Curatorially, I think what is really interesting concerning the career of an artist like Gupta is the point where things began and the catalytic moments of making, the drivers that push people on in their lives that make them choose a life in and with politics. I see Gupta as saying yes to being a photographer as a radical act, yes to being an artist and yes to being a person who recognises that he needs to love to survive. Looking across his work it is evident that the powerful undercurrent that ties all of it together is relationships."
"The more I understand Gupta’s praxis, the more I understand that his work, body and being are a creative political and personal marriage; commitment hurts the heart and dizzies the head.

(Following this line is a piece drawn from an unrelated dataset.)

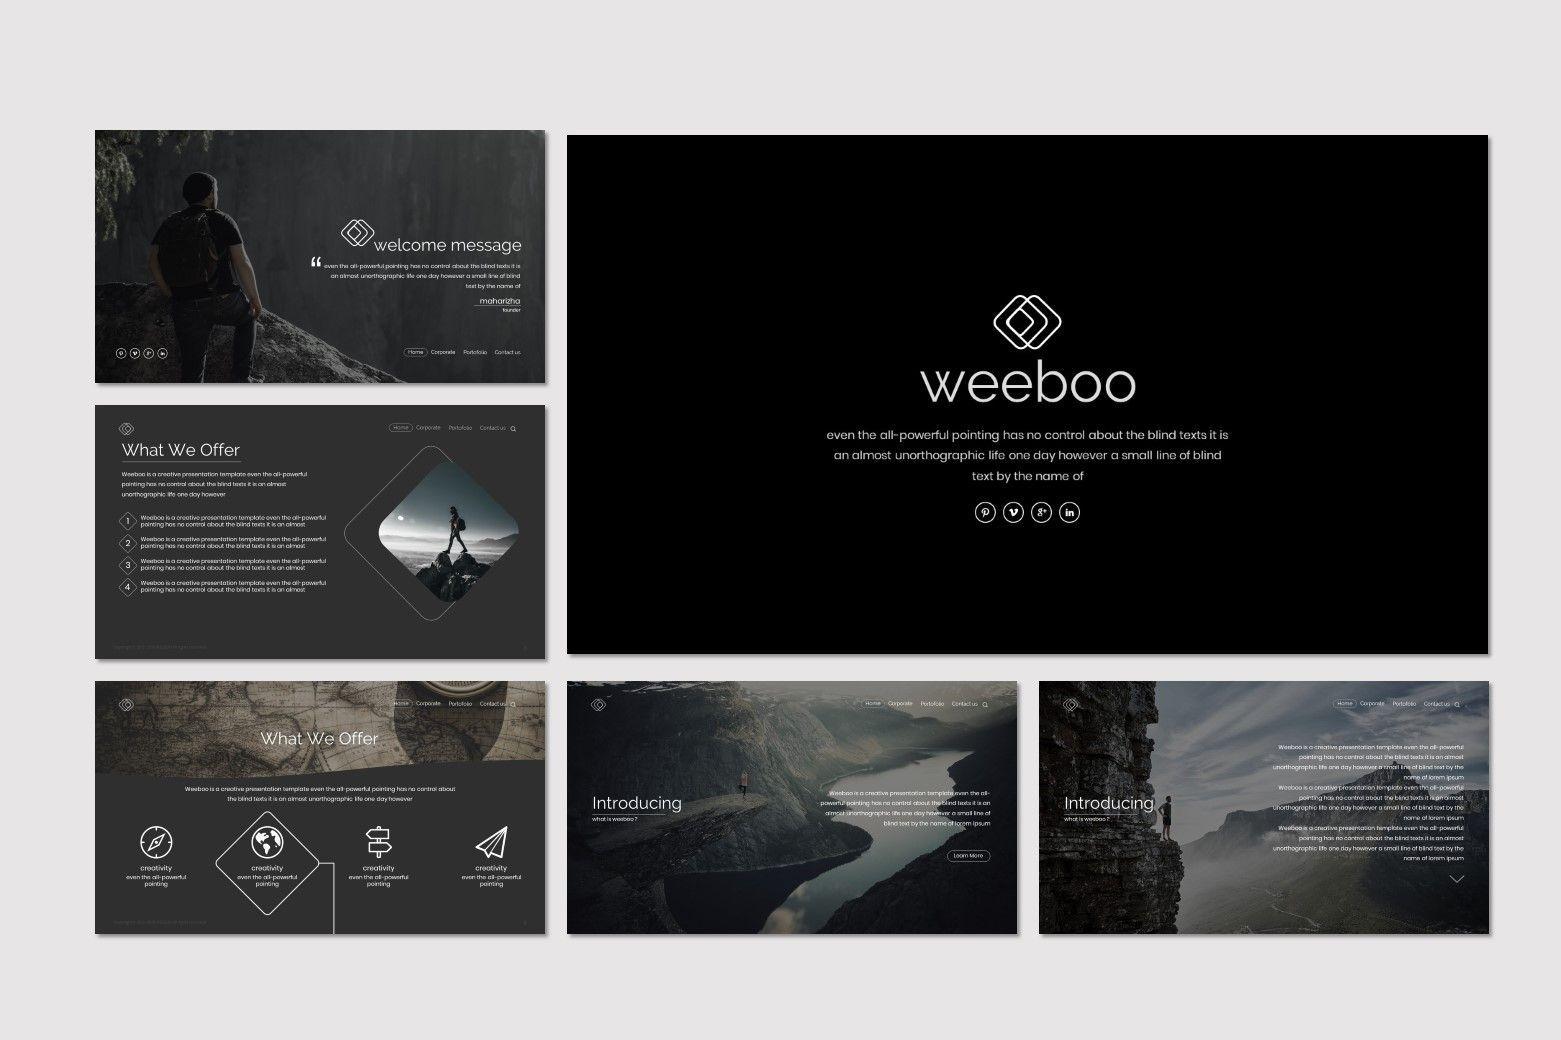 Weeboo - Google Slide Template, Slide 2, 07198, Presentation Templates — PoweredTemplate.com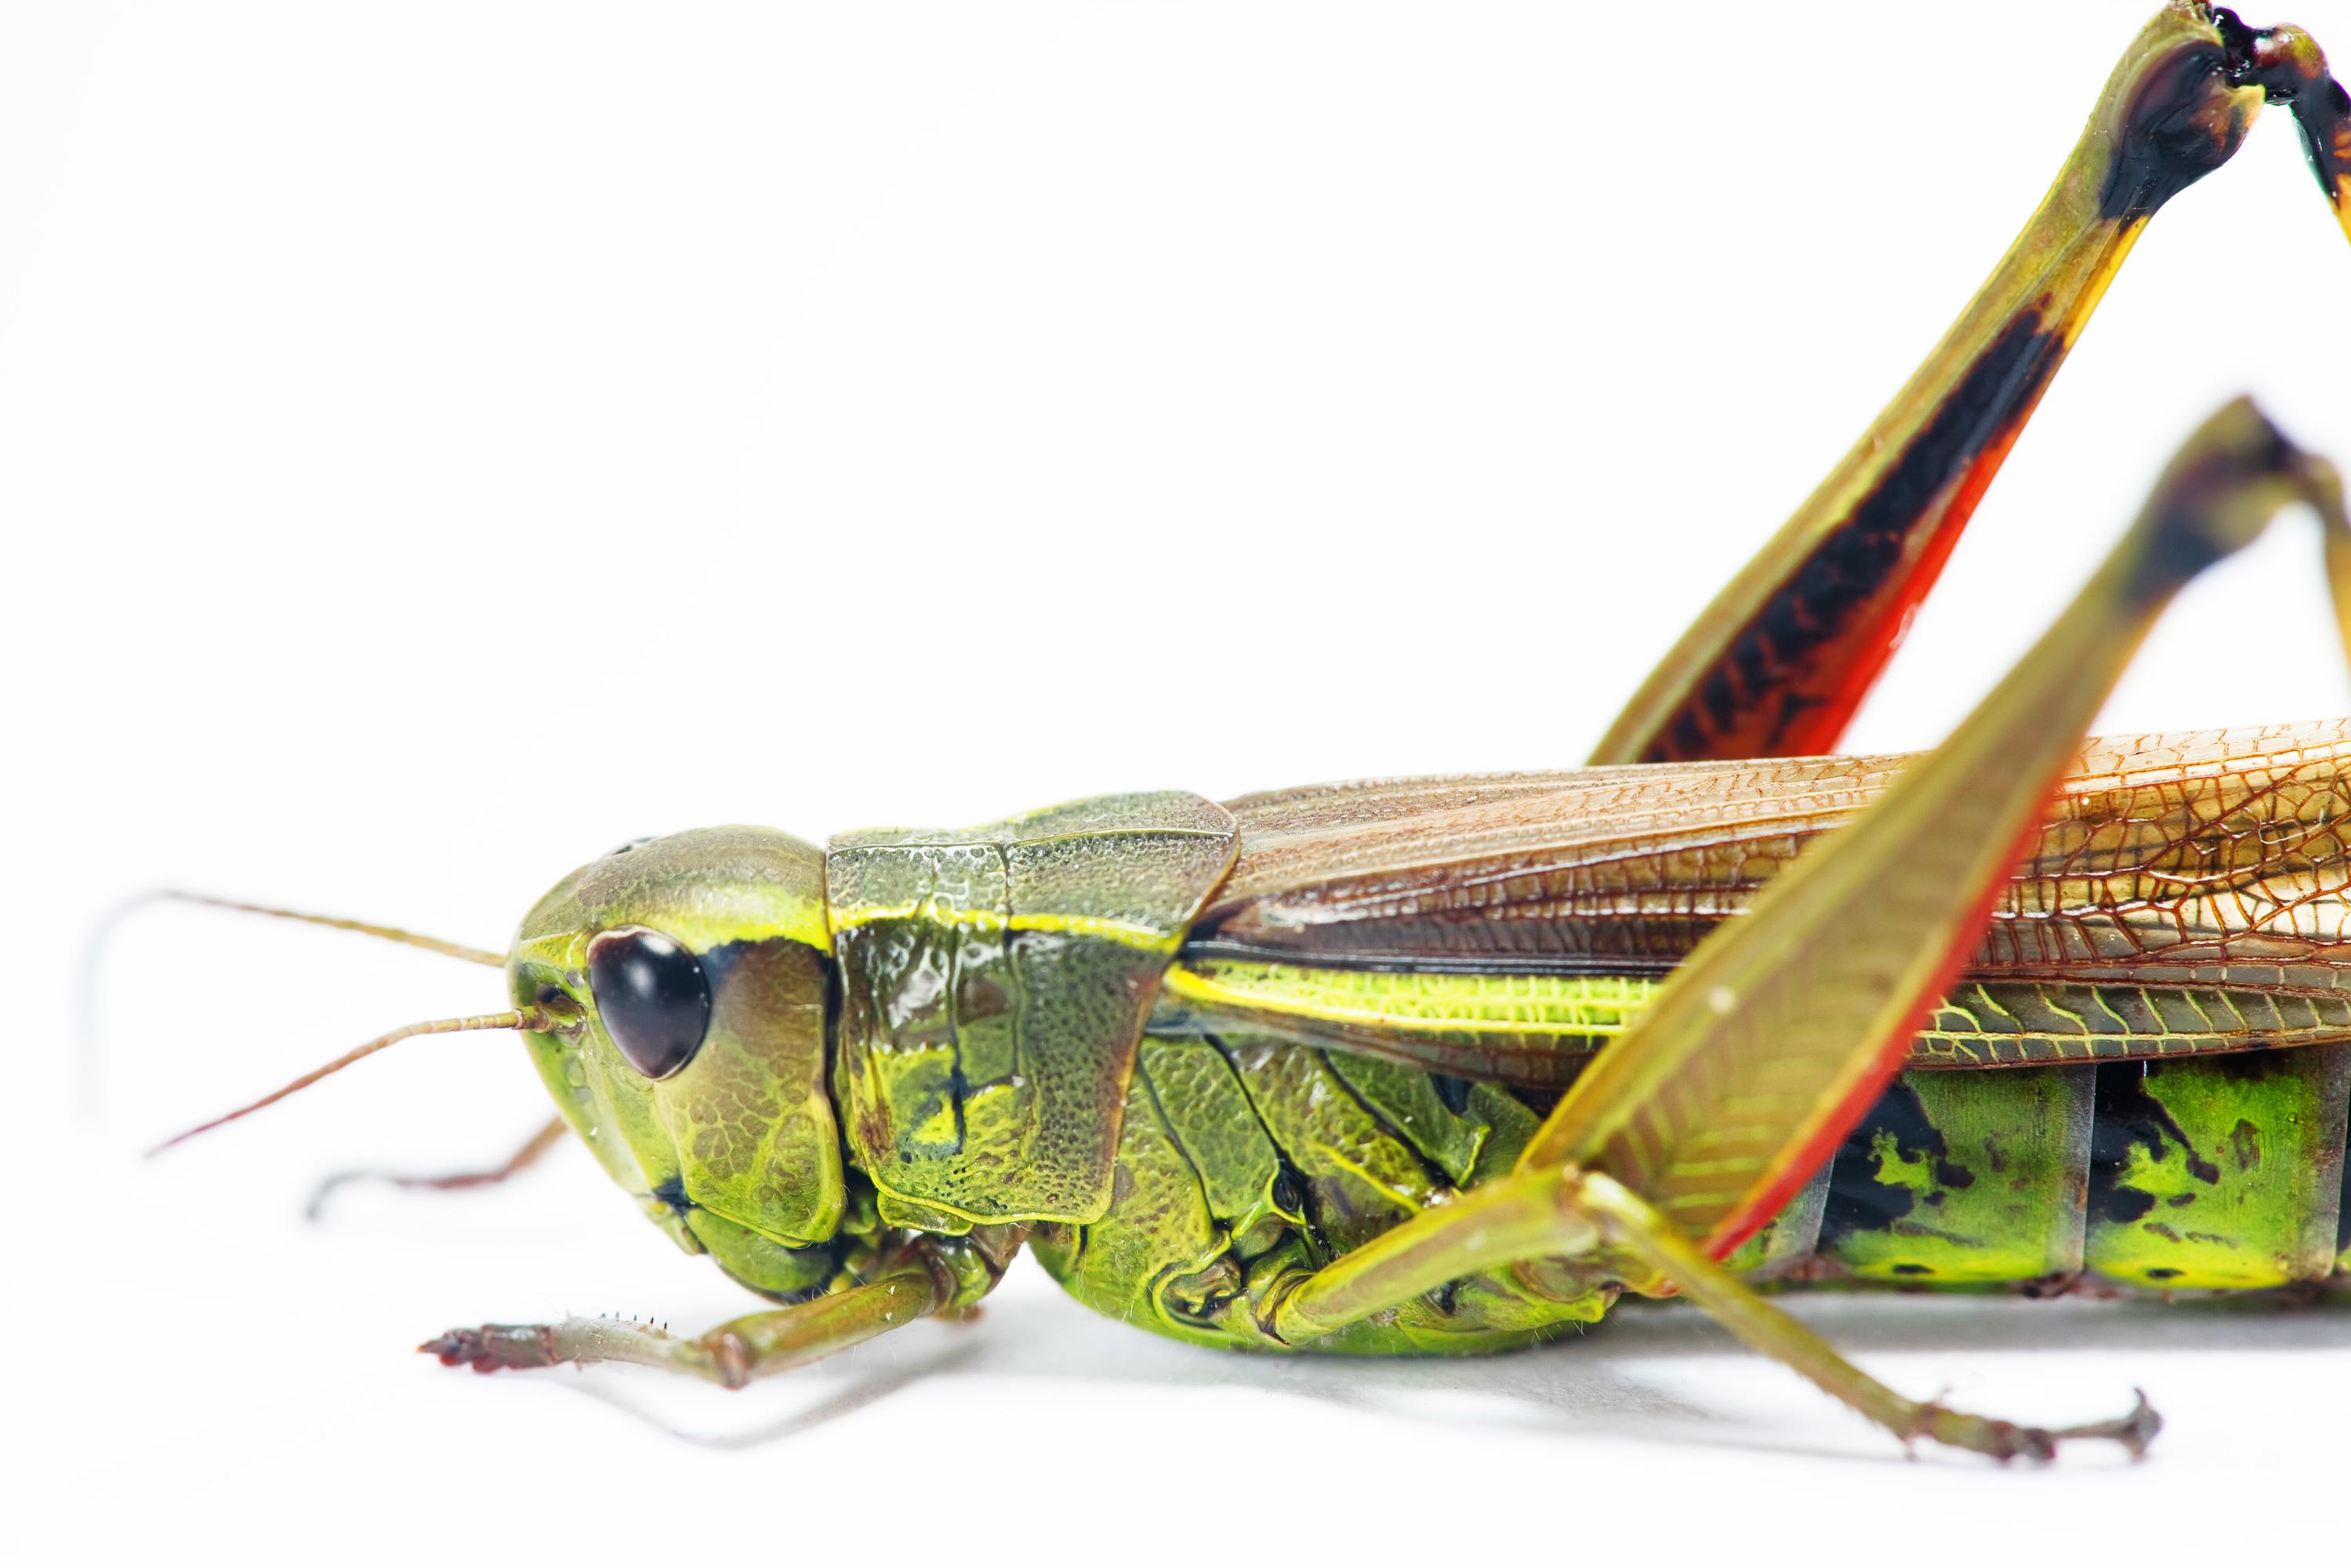 Grasshopper, Animal, Antenna, Bug, Copyspace, HQ Photo

Gupta’s photography incorporates the big (P)olitics of social change, but it is also a life lived in politics that fuels his journey as both a leader and a follower through family, location and geography, and through different kinds of communities, across race, place and gender. At the soul of Gupta’s practice, what connects his work to so many different constituencies is the idea of family, be it imagined or real.”
Excerpt from Mark Sealy's essay Moments in the Frame. Read the full text, along with nearly 200 pages of images from Sunil's archive in Sunil Gupta: From Here To Eternity. Purchase the book in Autograph's online shop, £25 (with free UK shipping).
We’re a registered charity, all purchases support Autograph’s arts and learning programmes.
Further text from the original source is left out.